Notes and disclaimers

Your LINE official account cannot be completely private, so if you want to enjoy it for yourself, we recommend keeping it as private as possible to prevent it from becoming public knowledge.

In addition, to avoid unexpected expenses, set an upper limit on OpenAI API usage fees in advance or limit them within the billing amount, and automatically disable charges if the limit is exceeded.

Please be careful not to incur unexpected charges when using the service.

The creator of this program is not responsible for any loss or trouble caused by using this program.

Gratitude

In creating this program, I referred to the following blog entries and publicly available source code.
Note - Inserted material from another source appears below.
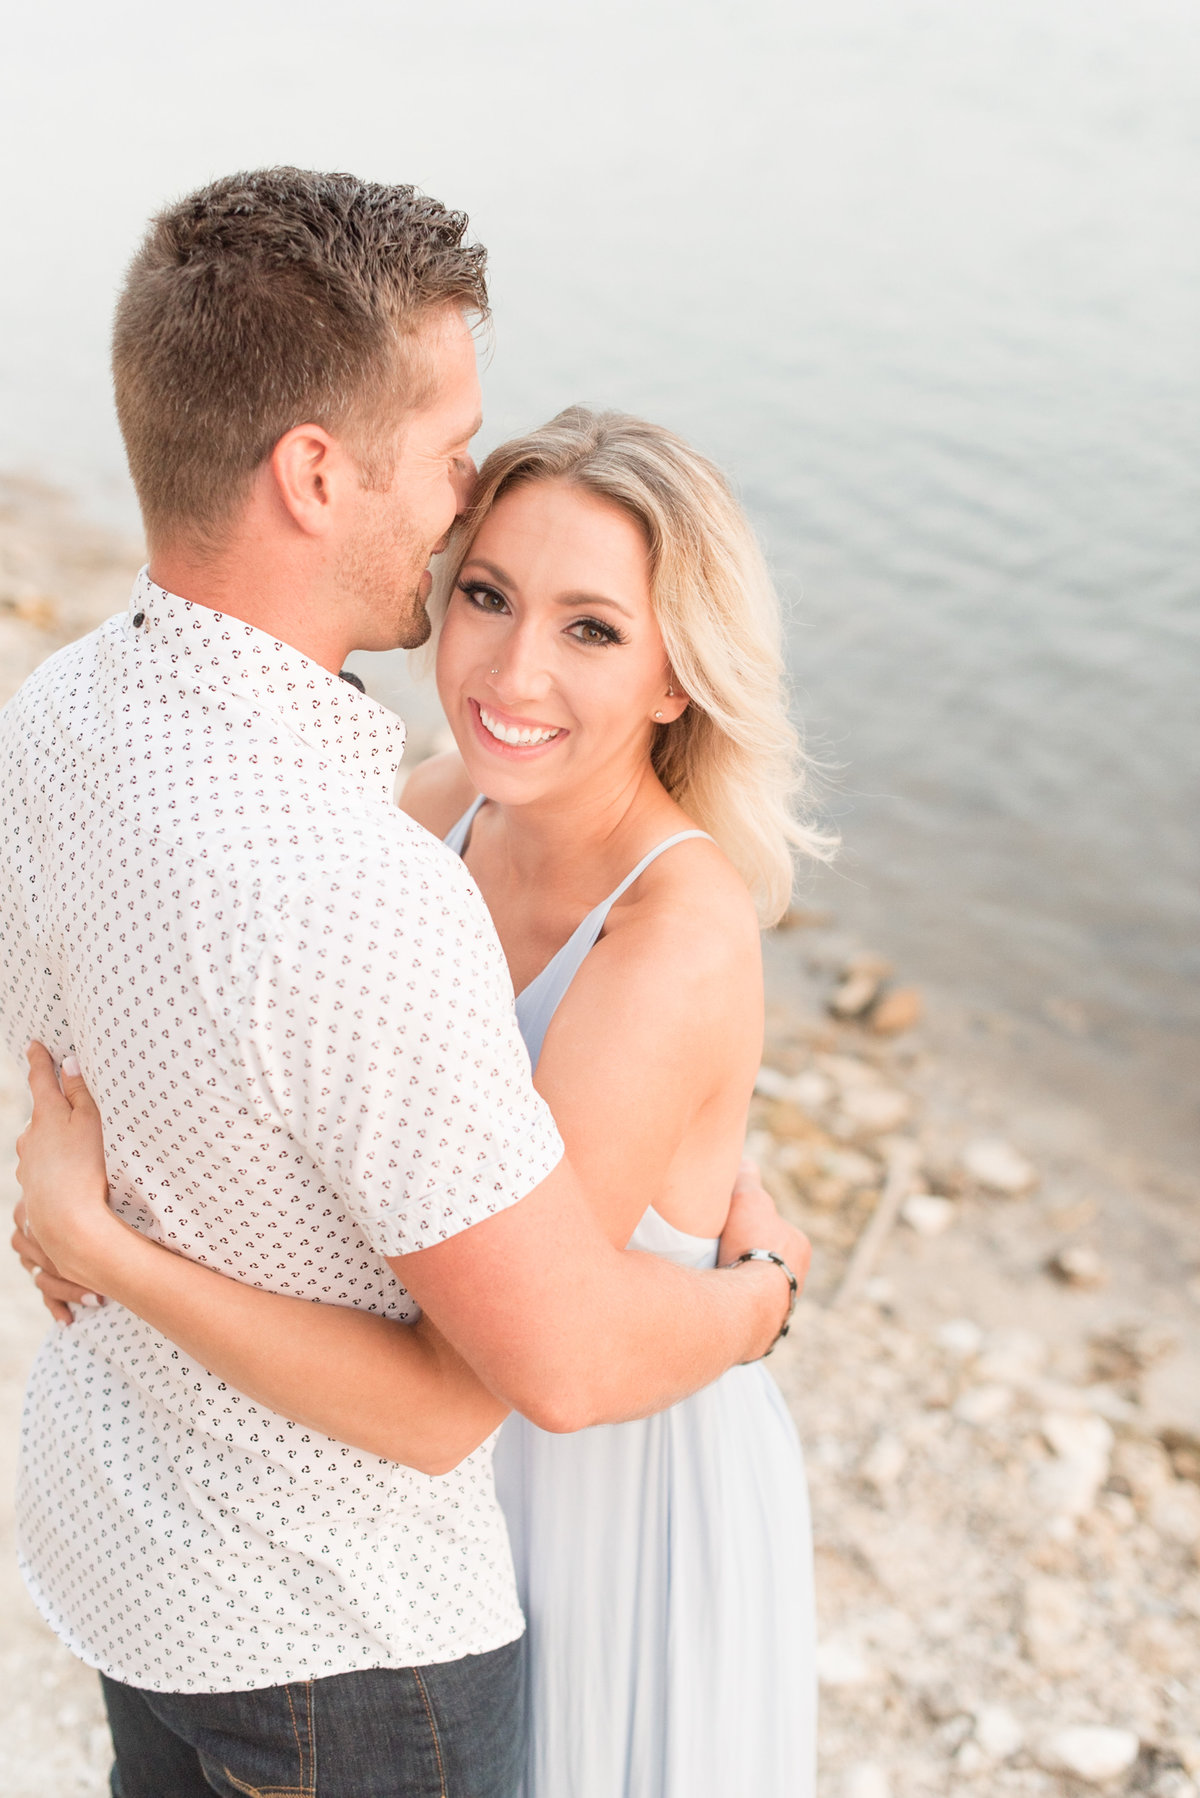 Engaged couple hugging as woman smiles and looks at camera beside edge of pond.

We would like to thank the following people for sharing useful information.

Cloudflare Worker + D1 + Hono + OpenAIでLINE Botを作る

ChatGPT APIとCloudflareを使って過去の会話を覚えてるLINEボットを構築する

CloudFlare Workers、Cloudflare D1、HonoでLINE botを作りました

OpenAI APIで英会話LINE Botを作る with Hono + Cloudflare Workers + Queues + D1 - $shibayu36->blog;

Information

The other day, an official AI service that can be used on LINE was released.

The first three months are available for 500 yen, and the regular price is 990 yen. On the other hand, if you operate your own program, the monthly API usage fee will be around 500 yen to 1000 yen, depending on how you use it.

Multilingual communication is not possible with the official LINE AI Assistant, but if you simply want to use the generated AI in Japanese, or if you want to use the generated AI for a fixed fee, you may want to consider using the LINE AI Assistant. That's fine.

Author & Contact

Yamazaki

Please feel free to contact me via DM from X(Twitter).

License

The MIT License

Change Log

  • 2024-11-03 ... 00fcb35
    • Added new option settings. Fixed language and constant interpretation.
  • 2024-05-23 ... 8cff053
    • Compatible with GPT-4o, model specification changed from hard-coded to constant in prompt.ts.
  • 2024-03-17 ... 95b8667
    • When using Google Text-to-Speech for audio, the instructions in the README and in the comments in the prompt file were incorrect and have been corrected.
  • 2024-03-03 ... 4132794
    • The domain name of the Cloudflare Workers site, which was defined as a variable in the code, has been changed to be set as an environment variable.